Читать «Новый Мир ( № 1 2000)» онлайн - страница 119

Новый Мир Журнал Новый Мир

...Полетели вдруг, побежали сухим горошком слова “необходимость”, “случайность” — слова сорокалетних людей.

И робко поплыли слова, пятьдесят лет пролежавшие в памяти семидесятилетних, упрятанные от посторонних взоров: “мистический опыт”, “прозрение”.

16 апреля, Стромынка.

За темно-красным куполом диспансера открывалось голубое, яркое небо — той нарядной, слегка олеографической голубизны, какой бывает оно только в Москве и никогда не бывает в деревне, где нет городского резкого контраста между природой и неприродой, нет рамы для кусочков природы, как в городе.

27 мая.
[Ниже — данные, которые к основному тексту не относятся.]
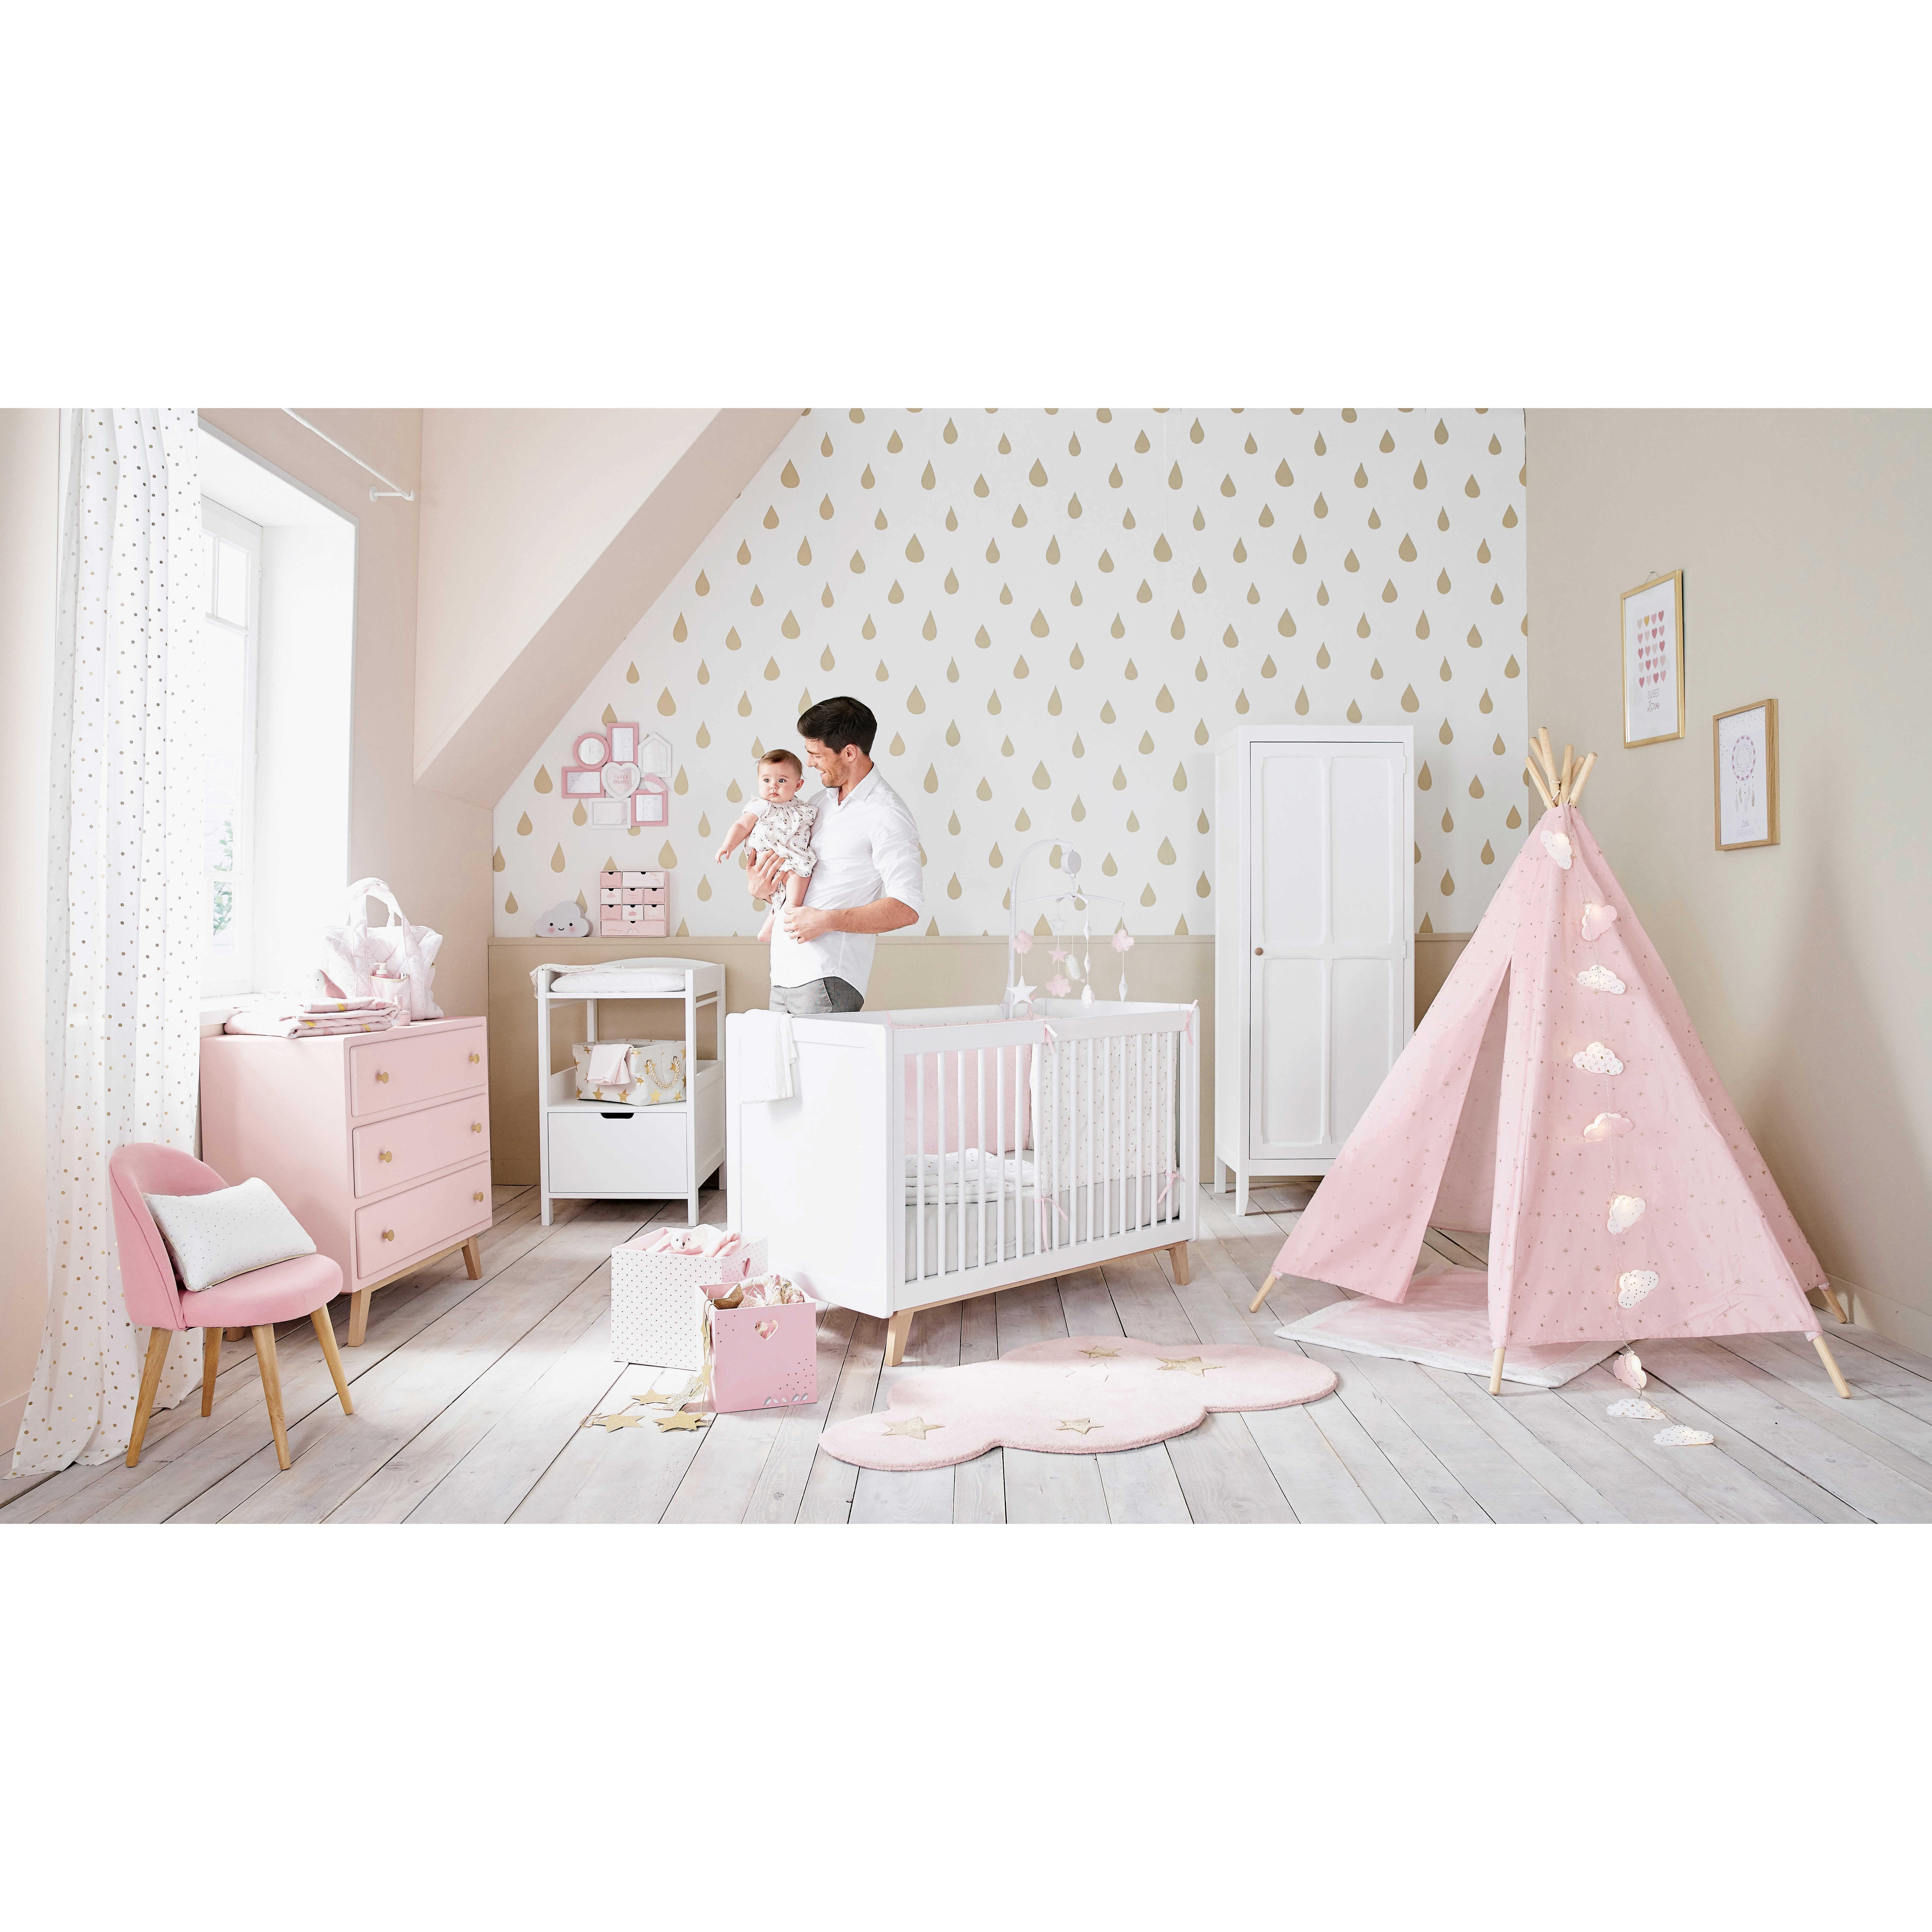 nestchen für babybett aus rosa-weißer baumwolle   maisons du monde, Schlafzimmer entwurf
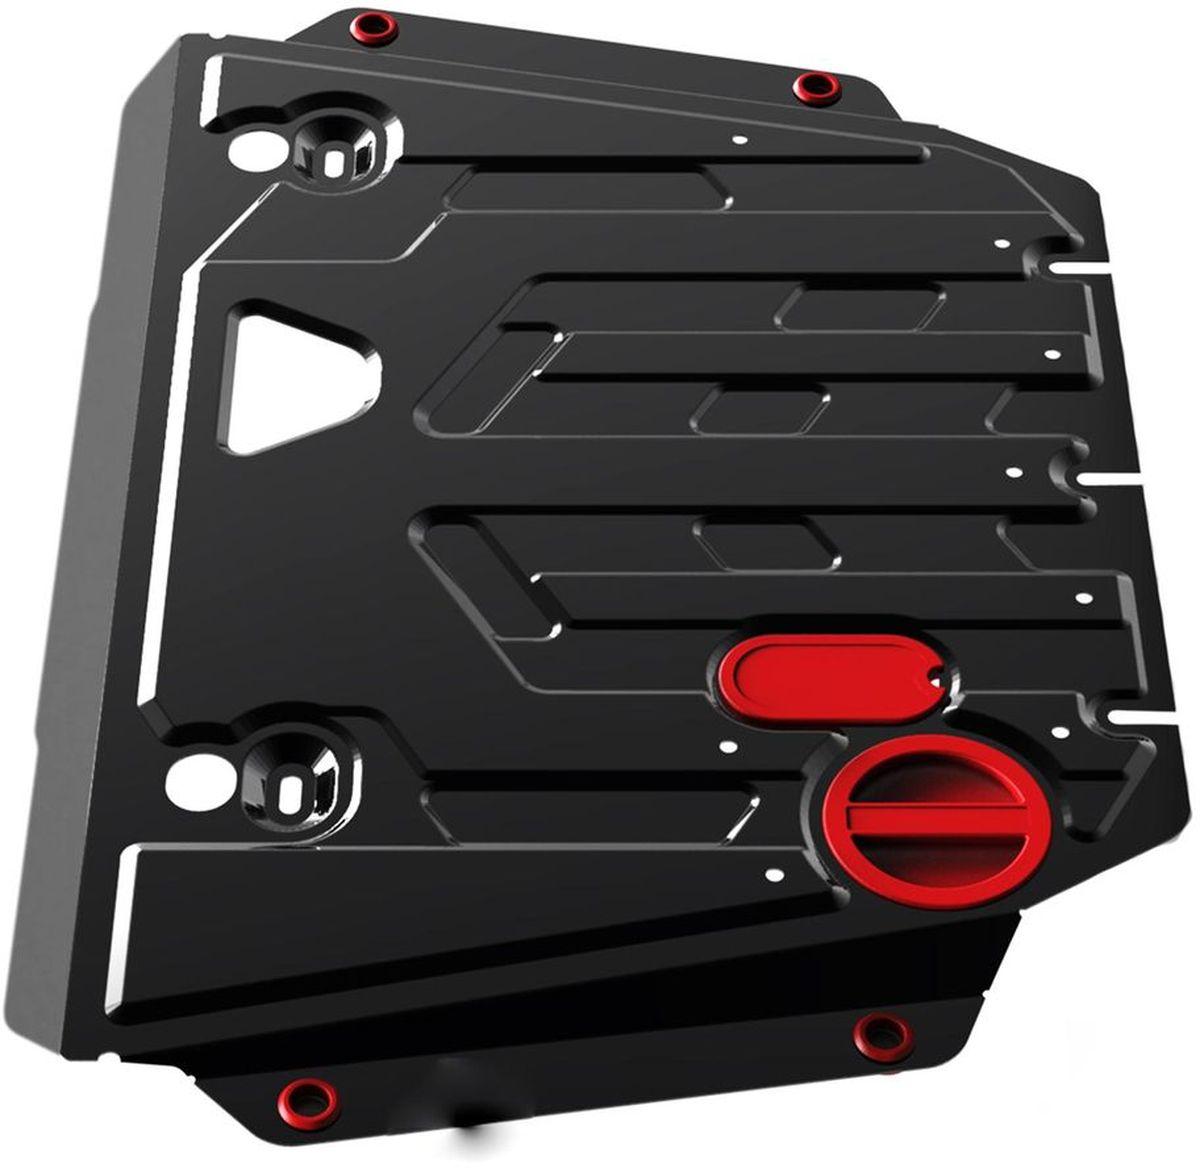 Защита картера Автоброня, для Geely Vision, V -1,8 (2008-2011)/Geely Emgrand EC7, V-все (2011-)111.01902.1Технологически совершенный продукт за невысокую стоимость. Защита разработана с учетом особенностей днища автомобиля, что позволяет сохранить дорожный просвет с минимальным изменением. Защита устанавливается в штатные места кузова автомобиля. Глубокий штамп обеспечивает до двух раз больше жесткости в сравнении с обычной защитой той же толщины. Проштампованные ребра жесткости препятствуют деформации защиты при ударах. Тепловой зазор и вентиляционные отверстия обеспечивают сохранение температурного режима двигателя в норме. Скрытый крепеж предотвращает срыв крепежных элементов при наезде на препятствие. Шумопоглощающие резиновые элементы обеспечивают комфортную езду без вибраций и скрежета металла, а съемные лючки для слива масла и замены фильтра - экономию средств и время. Конструкция изделия не влияет на пассивную безопасность автомобиля (при ударе защита не воздействует на деформационные зоны кузова). Со штатным крепежом. В комплекте инструкция по установке....

Отчетно-выборное собрание. Доклад Наровчатова.

...Если литература вызвала одобрение партии, значит, она его заслуживает.

...Первостепенные величины — Бунин, Куприн, Шмелев, Бальмонт.

...Необходимость антикапиталистического романа. Это самое уязвимое звено в нашей литературе (а Кочетов?..).

Иностранная комиссия разрабатывает практические меры для выполнения этой задачи.

...Рассказов мало, и эту прореху надо латать (почему?).

(Торжественно.) Перехожу к основным задачам организации.

2 июля. Опять статьи под названием “Бессмертие” прежде, чем замуровали, опять хотят уверить, что смерти нет, хотят, чтобы не успели расстроиться.

Похороны космонавтов

Келдыш — мягким, медовым голосом, интонации дьячка, обволакивание. Энергично, без реверансов, ни на кого не глядя (а Б. поглядывает на него — едва ли не подобострастно) говорит Шаталов. Под конец только с жестковатой интонацией: “Заверяем... будем и дальше”.

Терешкова стоит среди космонавтов как муза скорби, причесанная пышно, с проваленными глазами. ...Глаза двенадцатилетней дочери Добровольского.

Разговоры

9 июля. Взрослые женщины разговаривают как дети:

— Она меня не поняла. Люська и Нина — эти меня давно поняли, а она нет. ...Положит нога на ногу и говорит: “Я в этом году думаю строить курс совсем по-другому... Буду больше давать теории...” Люська и Нина ничего, а я, конечно, завелась. Я вообще от таких вещей сразу завожусь.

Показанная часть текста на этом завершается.